Он обернулся. Дорога вниз, чёрно-жёлтая вечером, энергично и немного нервно плавилась: лужи кипели и взрывались; текли и разливались совершенно распоясавшиеся ручьи, на пешеходные дороги падали веера с проезжей части.
Если посчитать, то пути ему… ну… почти три остановки. "Не сахарный — не растаю", — решил Лёхин. И обувка у него неплохая: почему-то Елисей велел надеть старенькие, но добротные ботинки — недавно из ремонта, хотя вчерашняя обувь тоже неплоха и уже почти успела высохнуть. Впрочем, для заботливого домового "почти", наверное, не считается.
Интересно, почему его, Лёхина, хотели заставить заплатить за вход, а детектива пропустили просто так? Какая разница между ними? Пока в этих двух визитах Лёхин видел одно различие: Павел Иванович охране сказал, что хотелось бы поесть, когда его спросили, к кому он пришёл; а Лёхин сразу назвал имя Дианы. Немного сомнительный вывод: если тебя и в самом деле обработали, скажем, любовной магией, ты готов платить любые деньги, лишь бы лицезреть предмет обожания.
От рванувшего ветра он нырнул под козырёк грустного, обливаемого дождём газетного киоска… Кстати, теперь понятно, что произошло с Ладой. Один из мальчиков-красавчиков ей встретился. Задурманил голову и выведал, кто она. Стоп. А она знает, кто она? Знает ли, что является какой-никакой, но родственницей одного из богатейших людей города? Не-ет, она бы тогда не пропала, а начала бы частенько забегать в "Орден Казановы". Или хозяин решил, как это называется, "срубить бабки по-быстрому"? В виде выкупа? И опять возвращаемся к незнанию Лады о своём могущественном родиче… Да и Ромка… Могли ли его подловить на девицу-красавицу, понимая, что в деньгах семьи он не самостоятелен?
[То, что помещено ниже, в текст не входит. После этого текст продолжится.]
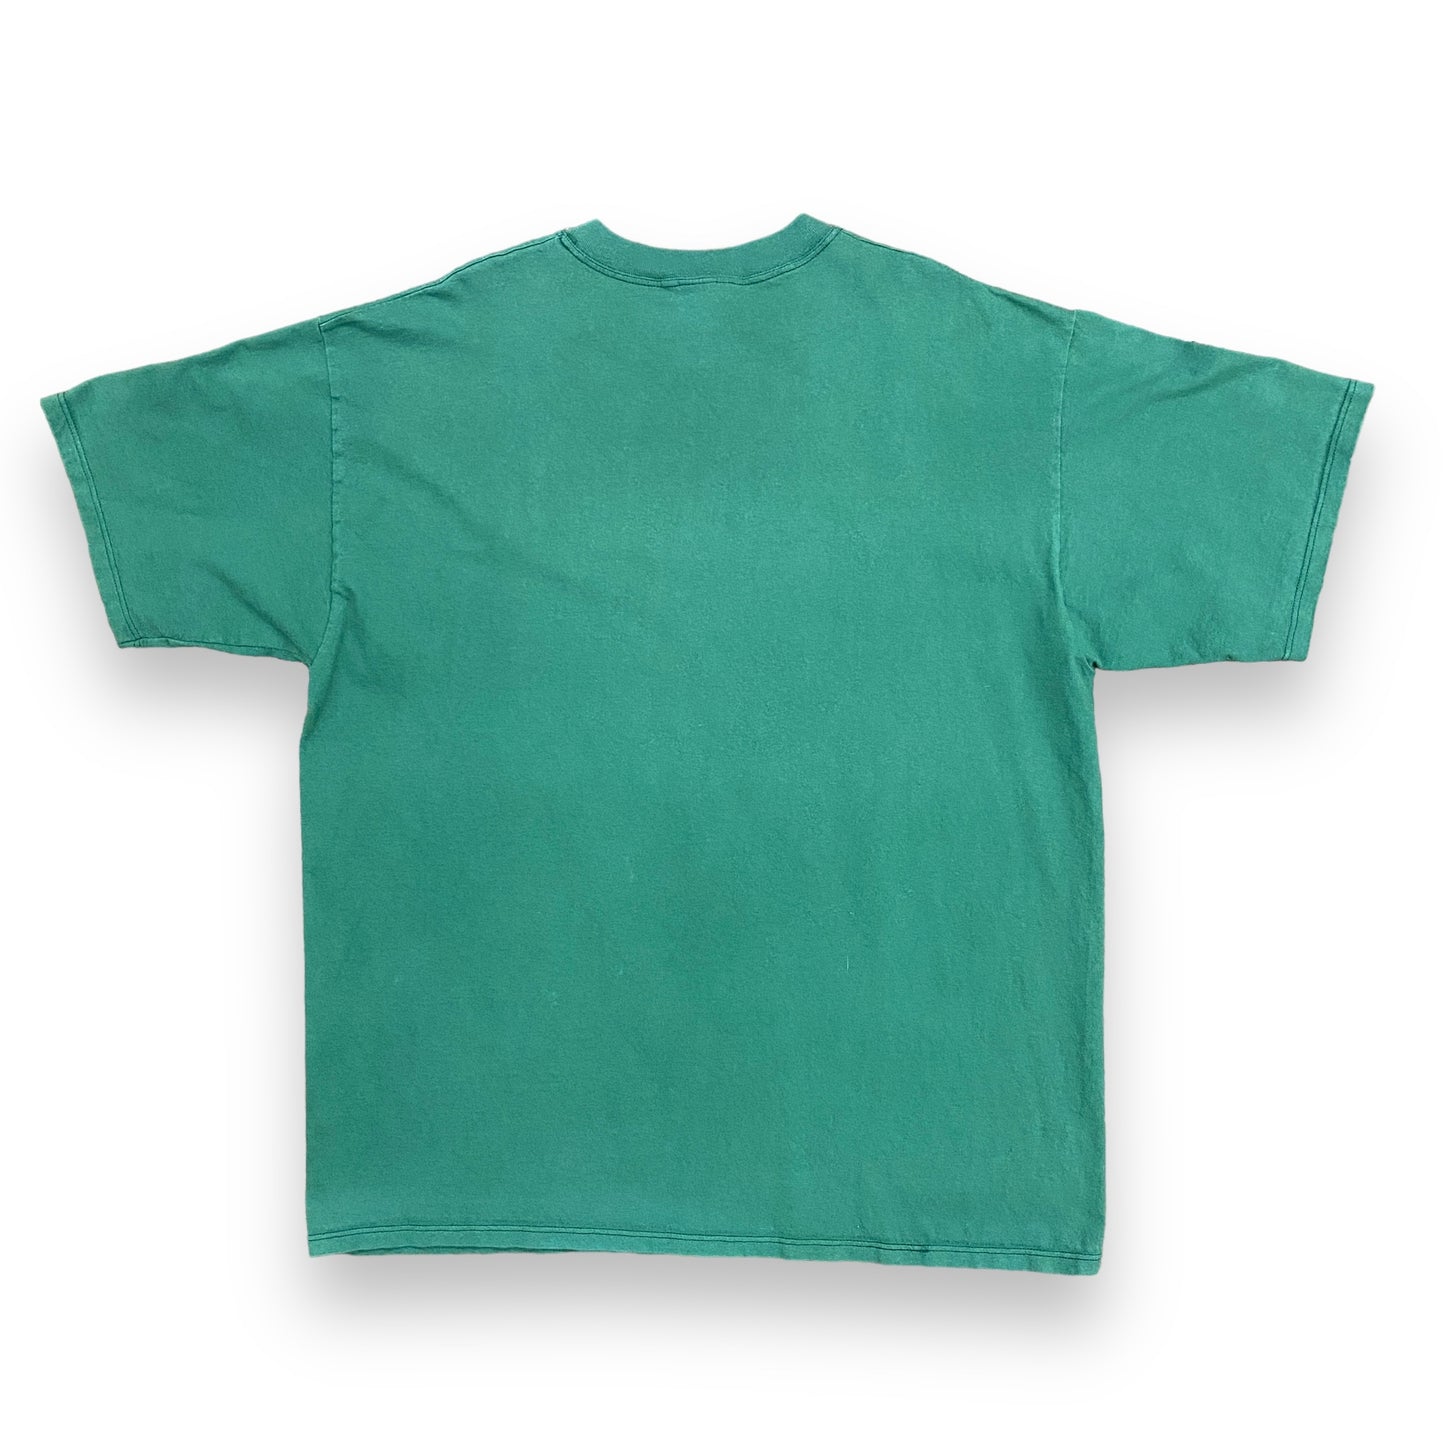 1990s Russell Athletic Green Logo Tee - Size XXL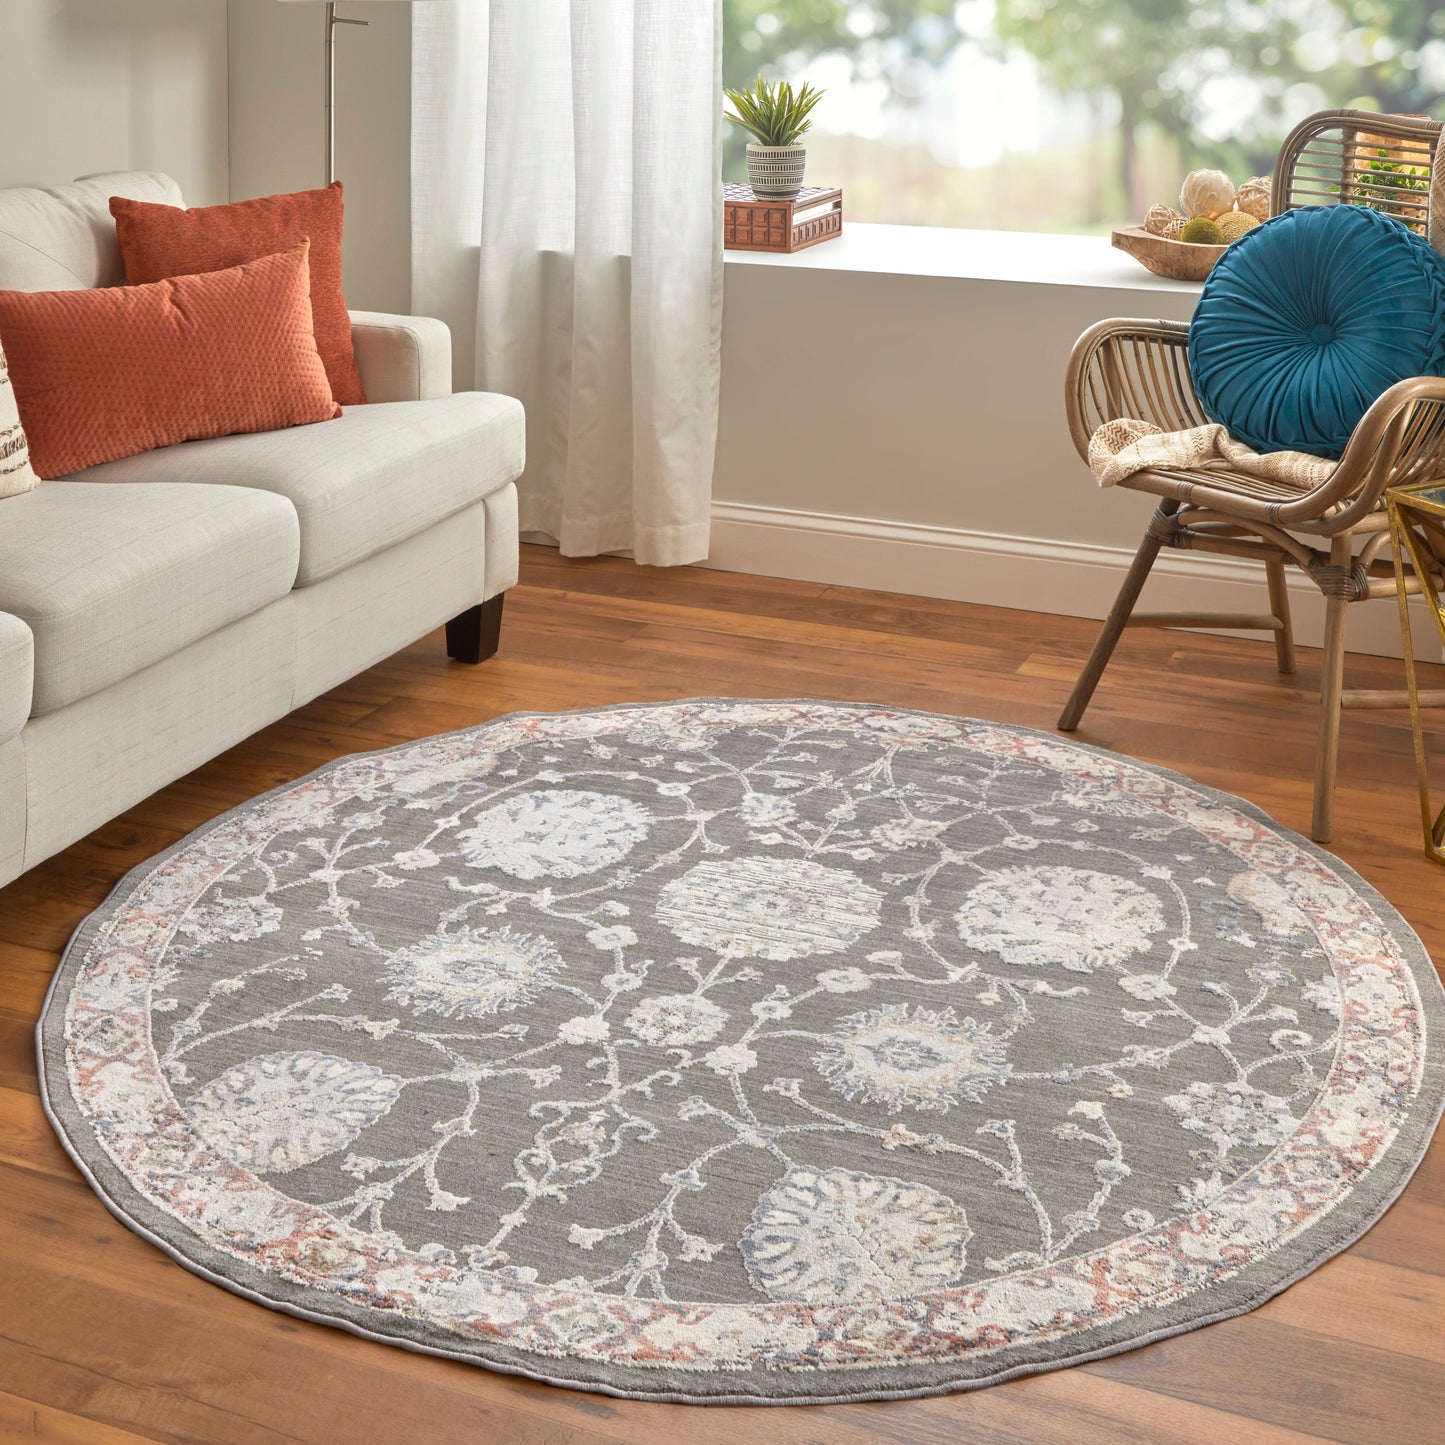 Thackery 39CXF Power Loomed Synthetic Blend Indoor Area Rug by Feizy Rugs

А может, Лёхин зря решил, что Лада и Ромка объединены "Орденом Казановы"? Не слишком ли он самонадеянно взялся за их поиск?.. Словно со стороны ему возразили: "Но не бросать же всё на полпути, когда на тебя уже столько народу надеется?"
В арке сегодня пусто. Перепрыгивая ручьи и лужи, Лёхин пробежал её, лишь раз оглянувшись на угол с приступком, где сидели вчера Бирюк и кошка. Из арки свернул налево и добрался до приметного подъезда с бетонными скамейками. И только разогнался двумя прыжками одолеть лестничку и оказаться наконец под крышей, как навстречу ему вдруг посыпался маленький народ. От неожиданности да в темноте, живой от качающихся деревьев и бегущей воды, показалась Лёхину — целая толпа. А разглядеть точно не успел: один подпрыгнул да повис, вцепившись в рукав куртки:
— Лексей Григорьич, человека побивают!
— Где?!
По печальной мокрой бороде, по унылым волосам, облепившим крупную головёнку, Лёхин с трудом признал Сверчка. А домовой правильно расценил главный, заданный Лёхиным вопрос: спрыгнул на приподъездную дорожку и помчался от дома через дорогу. Дорога небольшая — двум машинам еле разбежаться. Сразу за ней — тоже небольшая, шириной метров в пять, полоса с зеленью: ряд каких-то кустов, в которых прячутся два мусорных ящика, натоптанная тропинка в голой сейчас тополиной аллее, опять кусты. А за той полосой опять дорога перед высотным зданием.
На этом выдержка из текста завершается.